A heart-breaking new statistic that all parents should be concerned with has just been released by MSNBC.com: nearly one third of all U.S. babies are too fat.
The long term study was comprised of more than 7,500 infants from across the country who were all born in 2001. By the time the infants were nine-months old, 32 percent were considered overweight or even obese when compared to the standard growth charts developed by the Centers for Disease Control and Prevention. When the children were two-years old, the percentage had increased to 34 percent.
Luckily, just because your baby is a little chunky now does not mean he/she will be an obese adult – if you start making changes now.

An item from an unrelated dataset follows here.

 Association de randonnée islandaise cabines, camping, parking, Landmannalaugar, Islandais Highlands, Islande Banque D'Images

“It can take just a few tweaks to a baby’s diet to make a difference,” said Dr. Wendy Slusser, an associate clinical professor and medical director. “It’s probably only about 150 calories a day difference that we’re talking about.”

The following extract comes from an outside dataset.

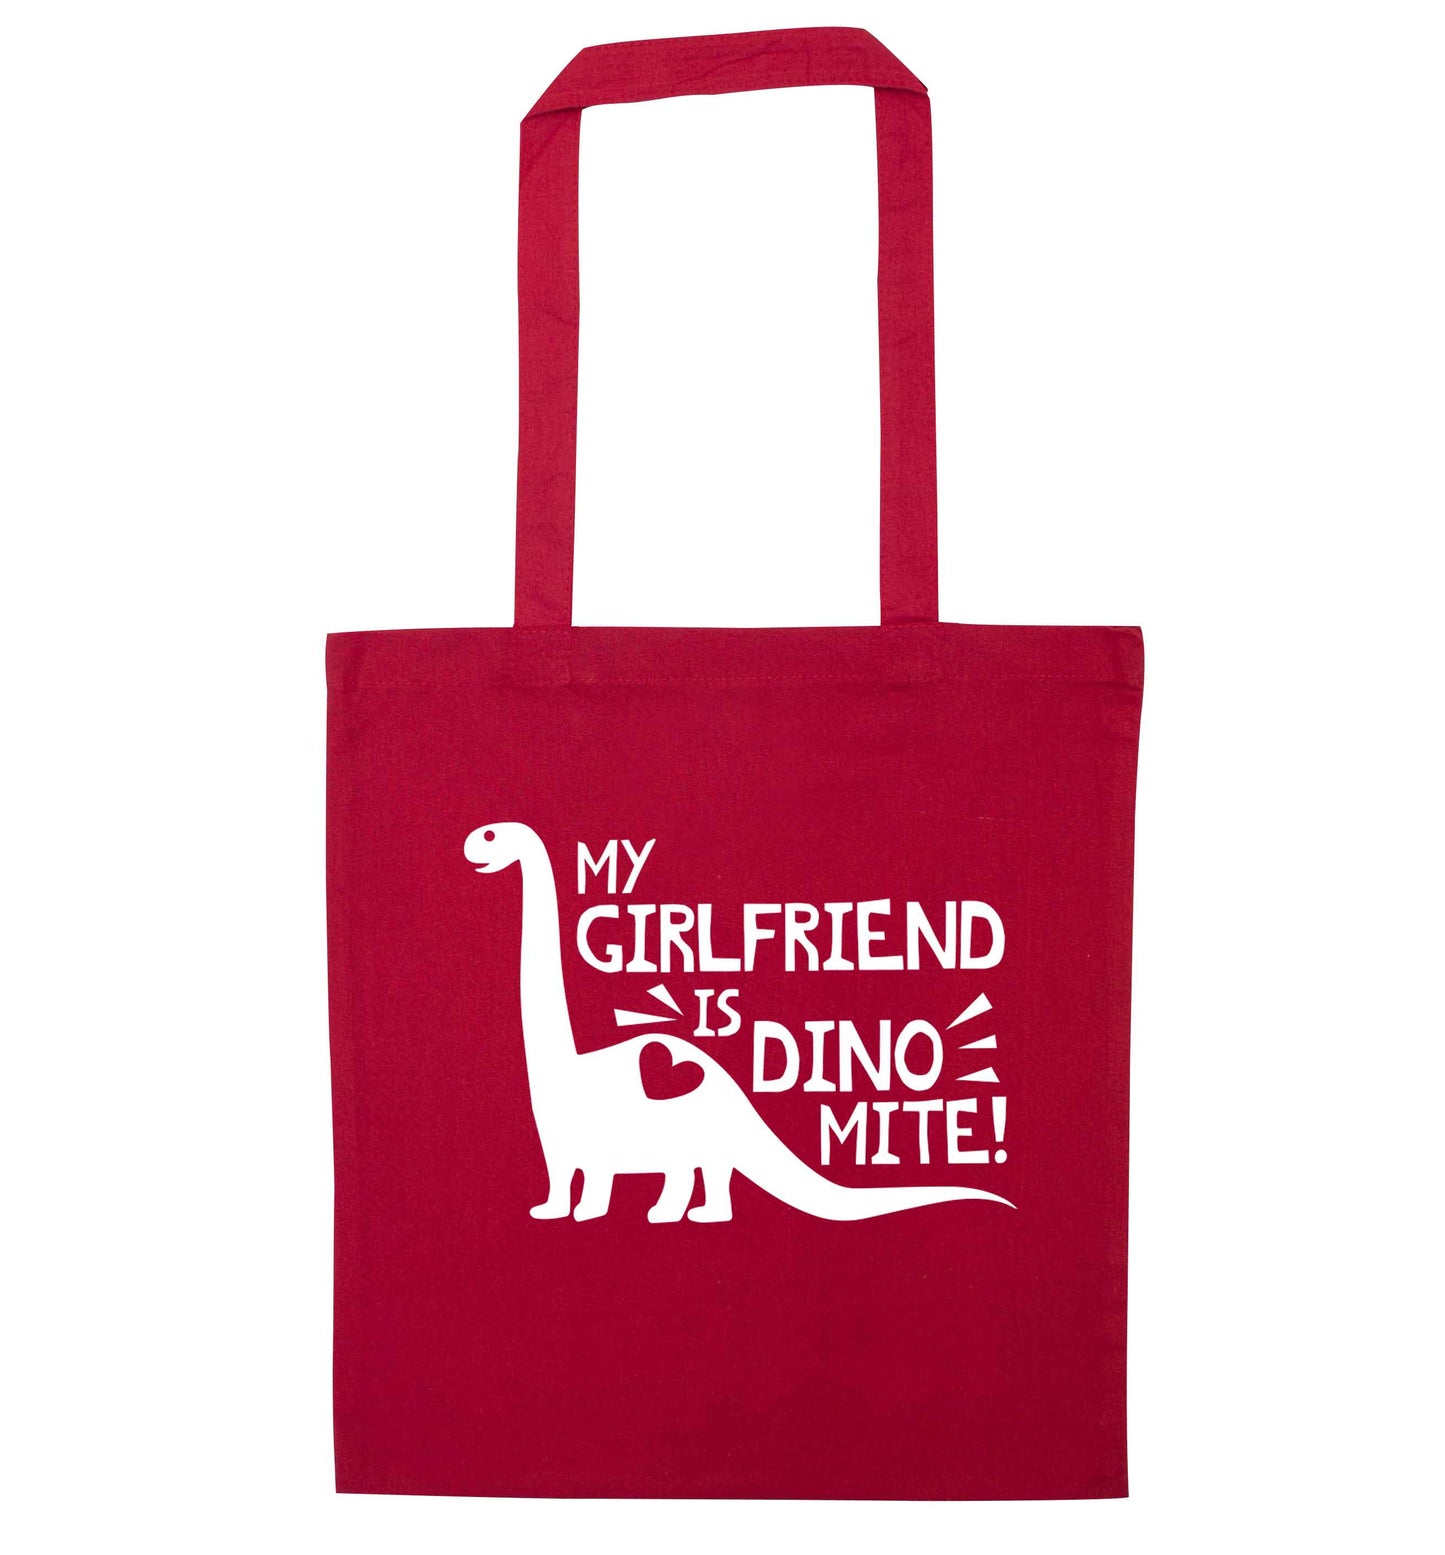 My girlfriend is dinomite! red tote bag

It is much easier for babies and young children to lose weight than it is for older children, according to Dr. Goutham Rao, the clinical director of the Weight Management and Wellness Center a the Children’s Hospital of Pittsburgh at the University of Pittsburgh Medial Center.
“That means that these children are not necessarily condemned to be obese,” Rao said. “Every child that has a healthy diet will get to a healthy weight.”
To keep a child at a healthy weight, avoid sweet foods and drinks, such as fruit juices and sugary snacks. When you start to give your child solid foods, encourage him/her to eat a wide variety of pureed vegetables and fruits; you might even consider making your own baby food to insure your baby gets all the vitamins and nutrients he/she needs. Also highly important is the portion size your child is eating.
Parents often don’t realize that children’s portions are far smaller than those of adults,” Rao said. “The rule of thumb…is that your portion of any sort of food should be no bigger than your first. For a one-year old, that’s pretty tiny.”